Untitled, Unknown, ???Okay, maybe this is my first time to write (read:tell) something actually I never blow it up directly. Sometime, I just use some metaphors, or analogy, or symbol when I speak about this. Because, maybe I'm very sensitive and too shy, so I might be afraid of something that will happen. However, I can't deny from it, I just want to write it down, and everything's done. Then I hope, I feel better after this.
So, what am I going to discuss? No, actually I won't discuss it because I'm the one who feel it, and I just want to write about what I feel. Ehemm....!
Someone said that it is an 'annual mourning', maybe it's often happened to that one.
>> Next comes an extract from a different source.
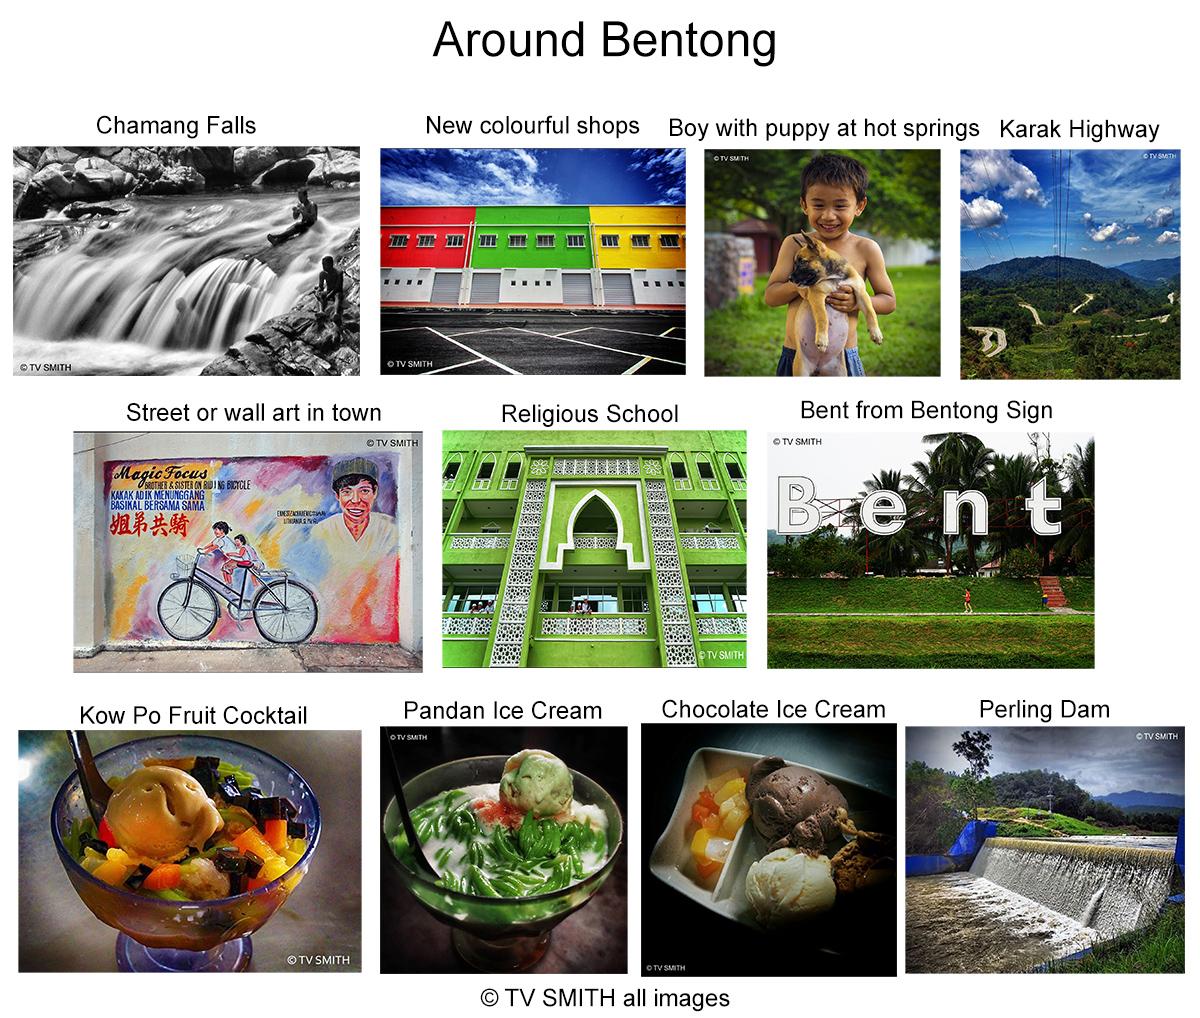 Around Bentong
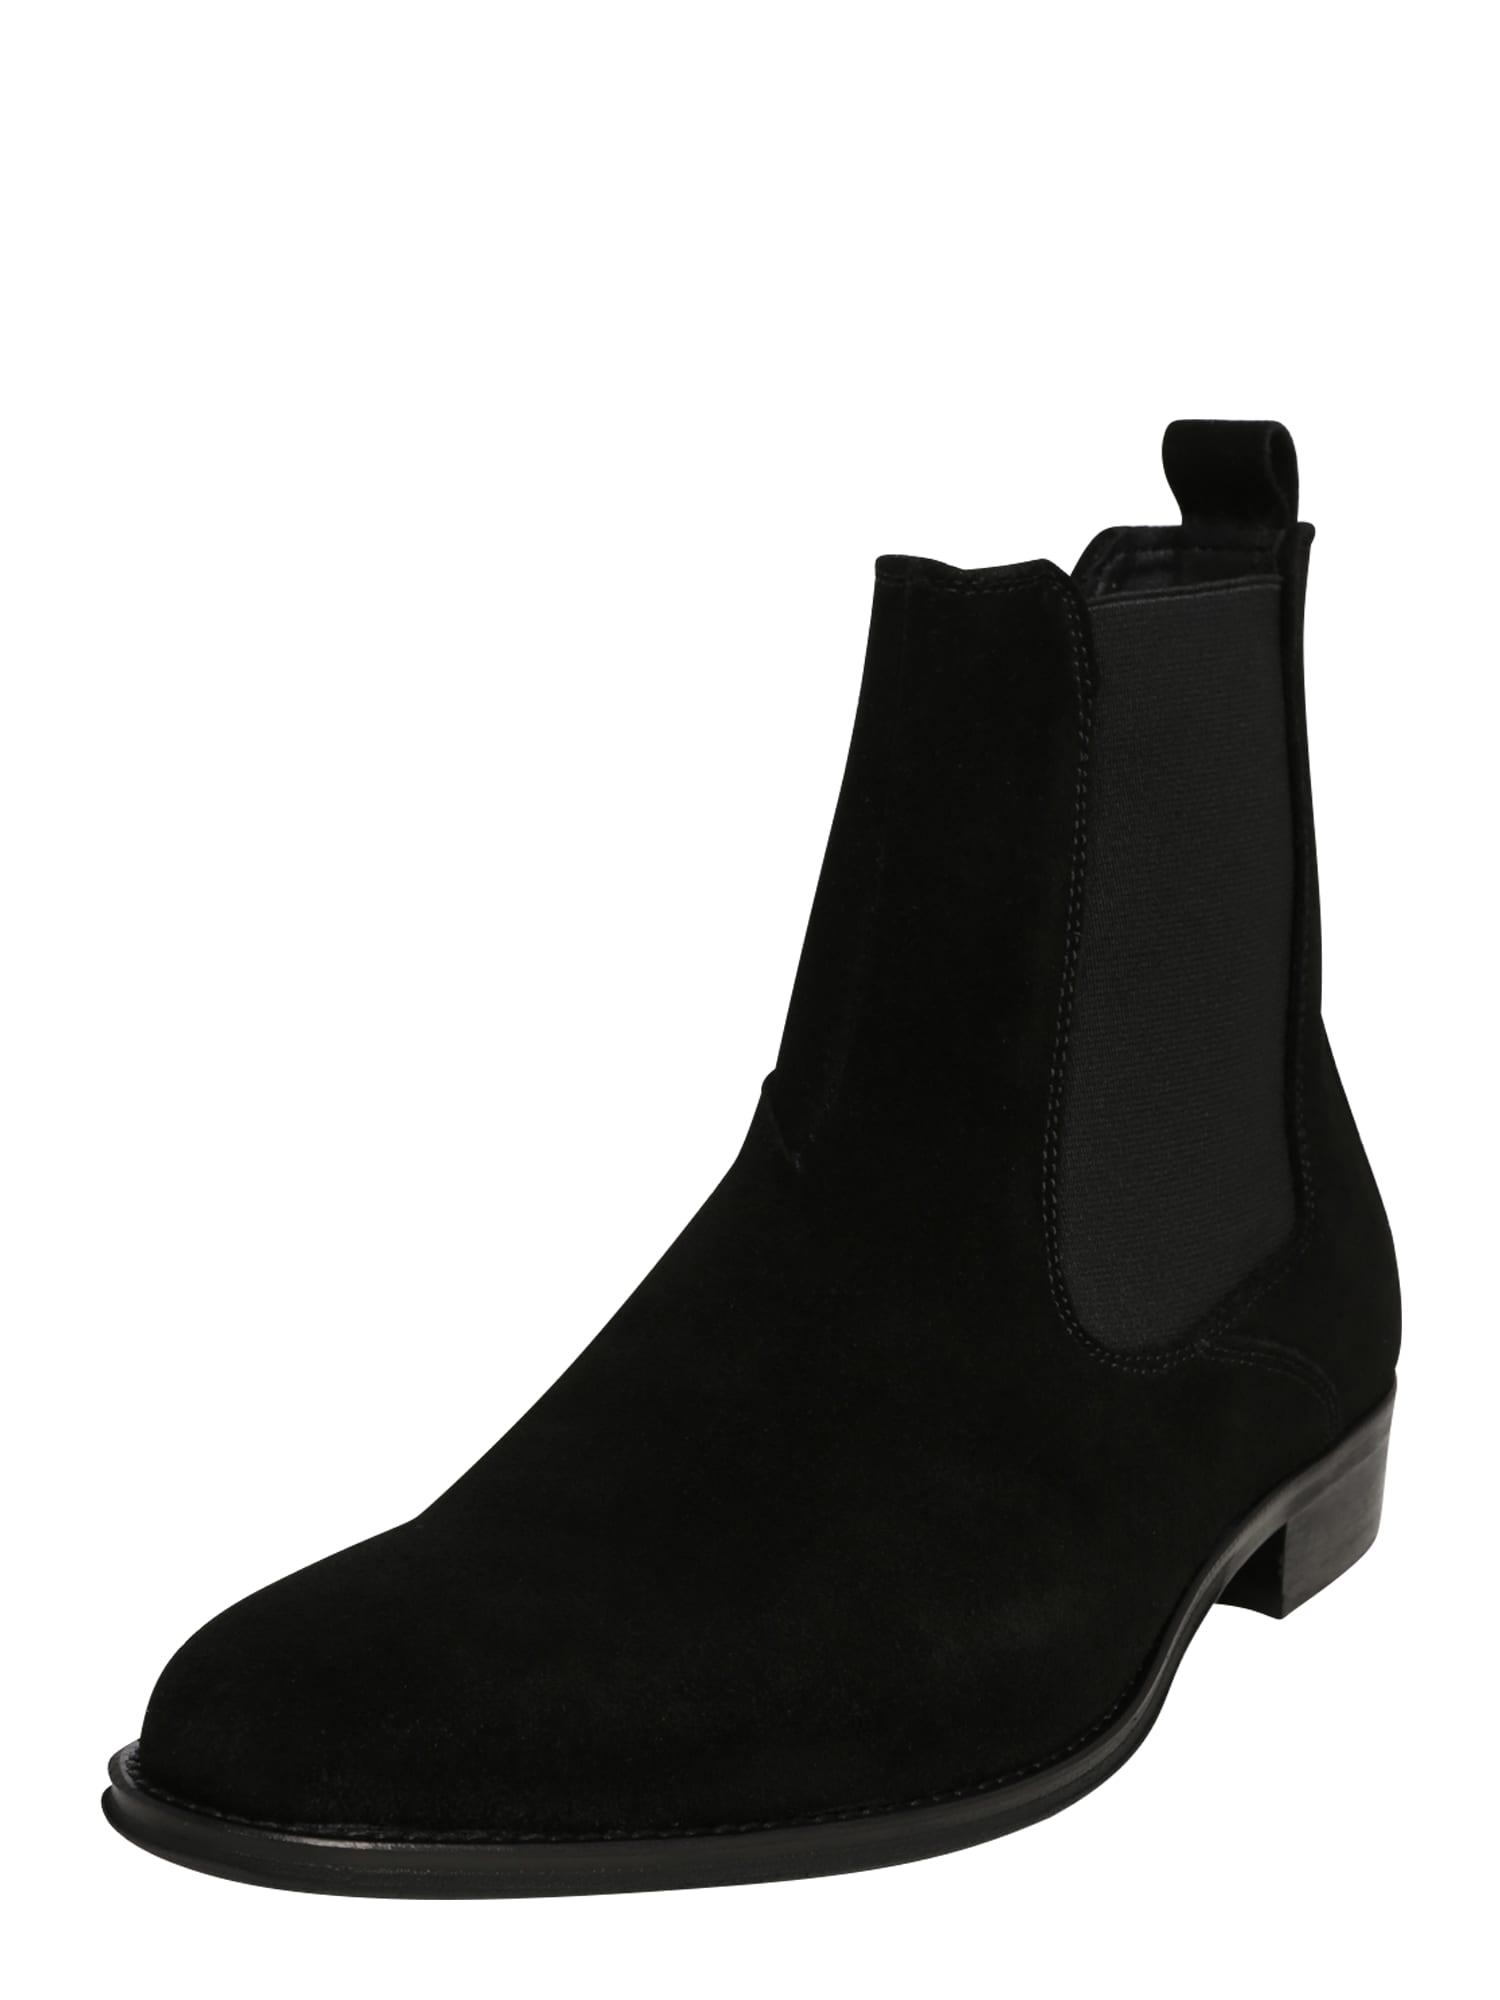 ANTONY MORATO Chelsea batai 'Brenta' juoda

But I just feel it currently or maybe for a couple past few months, actually since I was graduated from my university. And it makes me suffered. But I thank Allah, it makes me closer to Him.
It is not easy way I could pass. There are more feelings I can feel in every single time: nervous, curious, anxious, worried, hopeful, and so many things I can feel. Maybe, hope you guys guess it, got it?!
Well, everybody I'm sure, they feel it too. But for me, I'm different. It's not easy for me. I just hope that this will be fine after what I've done a past few days and the next days I don't know what I should do. I hope the best will be mine, although I know I always wish for that one, the glowing star in the sky which bravely standing beautifully with its light. Huff! However, maybe I never have that one, but there are many things I can expect: maybe the butterfly which is flying around the flower, or the moon which is shining in the lovely night, or maybe the sun which hides behind the clouds. Ah, I just don't know, because this is a mystery of my destiny. I just want to believe Him. Only Him I should believe.